Sen. Lisa Murkowski at a press conference in July. Photo by Liz Ruskin.

Lisa Murkowski is living up to her reputation as one of the few Republican senators likely to break party ranks to criticize President Trump on ethical grounds. Thursday, she weighed in against the president in two cases that raise questions about whether the president is using his office for personal gain.  

Acting White House Chief of Staff Mick Mulvaney had just dropped a bombshell. He said the White House did hold up aid to Ukraine as a quid pro quo, even though the president has repeatedly insisted there’s been no such deal.
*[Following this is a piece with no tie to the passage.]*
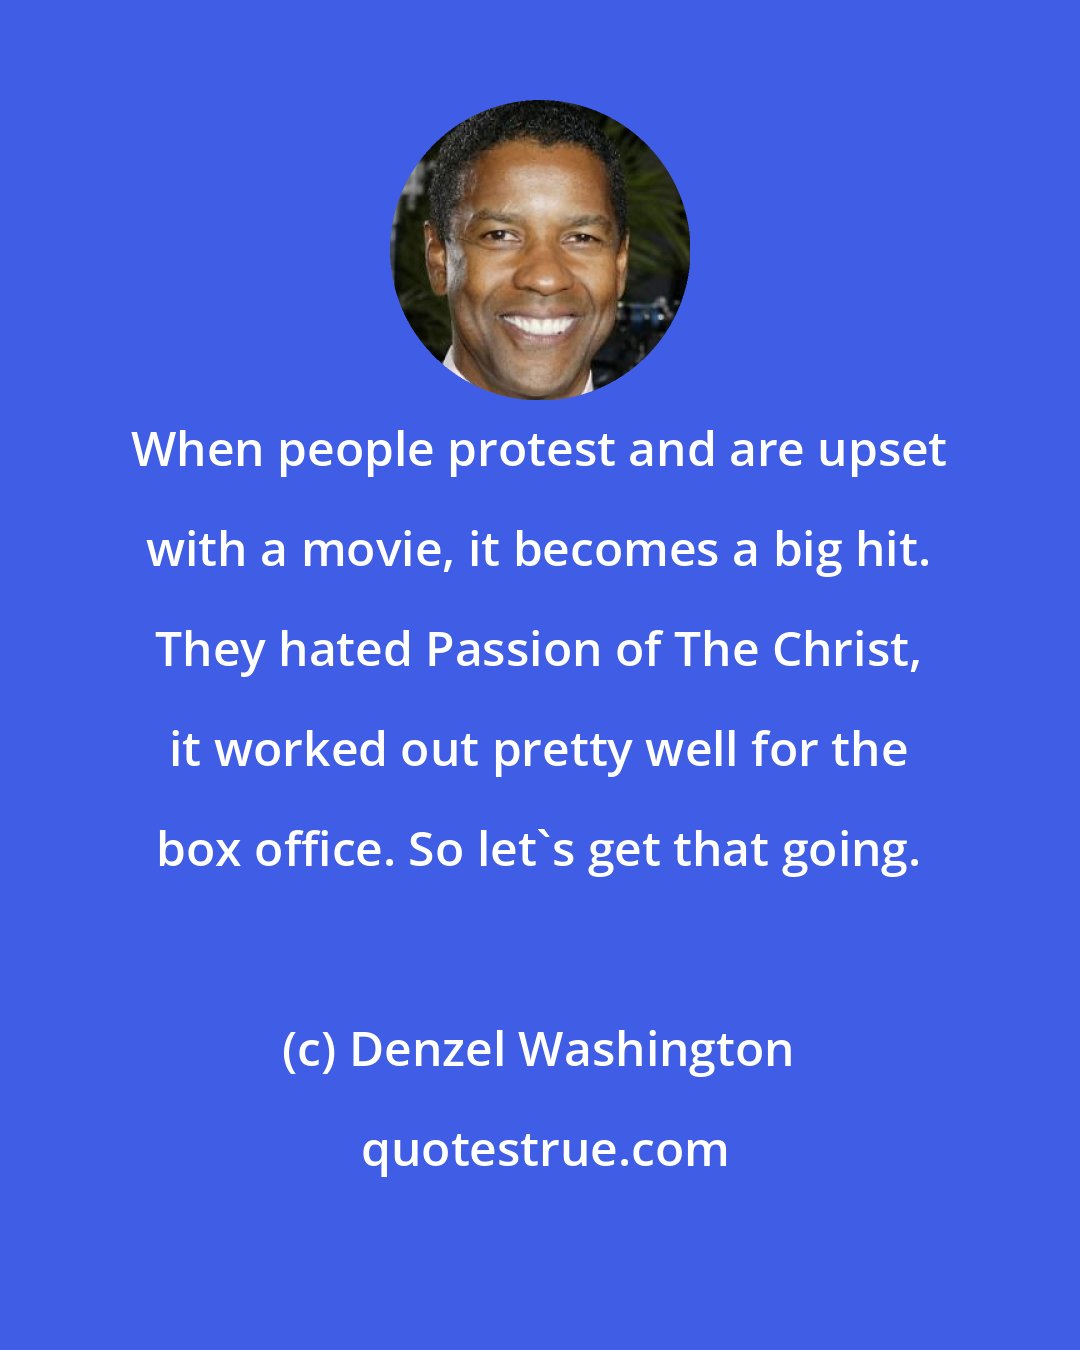 Denzel Washington: When people protest and are upset with a movie, it becomes a big hit. They hated Passion of The Christ, it worked out pretty well for the box office. So let's get that going.

Mulvaney says President Trump did it to pressure Ukraine to investigate a theory involving a Democratic Party server and the 2016 election. (A few hours later, Mulvaney reversed course and insisted there was no quid pro quo.)

At the Capitol, a reporter asked Murkowski if it concerned her.

“Well, that’s news to me. I had not heard that,” she said. “Yes, absolutely it’s a concern.”

Then she defined exactly what her concern is:

 “You don’t hold up foreign aid that we had previously appropriated for a political initiative,” she said. “Period.”

She said she still needed to study exactly what Mulvaney said.

Of course, the word “political” has several meanings. Mulvaney told reporters the deal was aid in exchange for a Ukrainian investigation into the last presidential election, not to benefit the president’s re-election campaign, and he said the deal was separate from Trump’s request that Ukraine investigate former Vice President Joe Biden.

“I have news for everybody: Get over it,” Mulvaney told reporters at the White House. “There’s going to be political influence in foreign policy.”

U.S. intelligence agencies have concluded Russia interfered in the 2016 election to hurt Democrat Hillary Clinton, help Trump and undermine trust in American democracy. None of the agencies have supplied evidence of any Ukrainian election plot. The president’s critics, including former national security officials, say the Ukrainian angle is a conspiracy theory Trump can’t let go of.

Reporters also asked Murkowski about a second bombshell Mulvaney dropped: He announced President Trump plans to hold an international conference, the G-7, at a Trump golf club in Florida. Asked if she thought that was appropriate, Murkowski answered before the reporter could completely finish the question: No.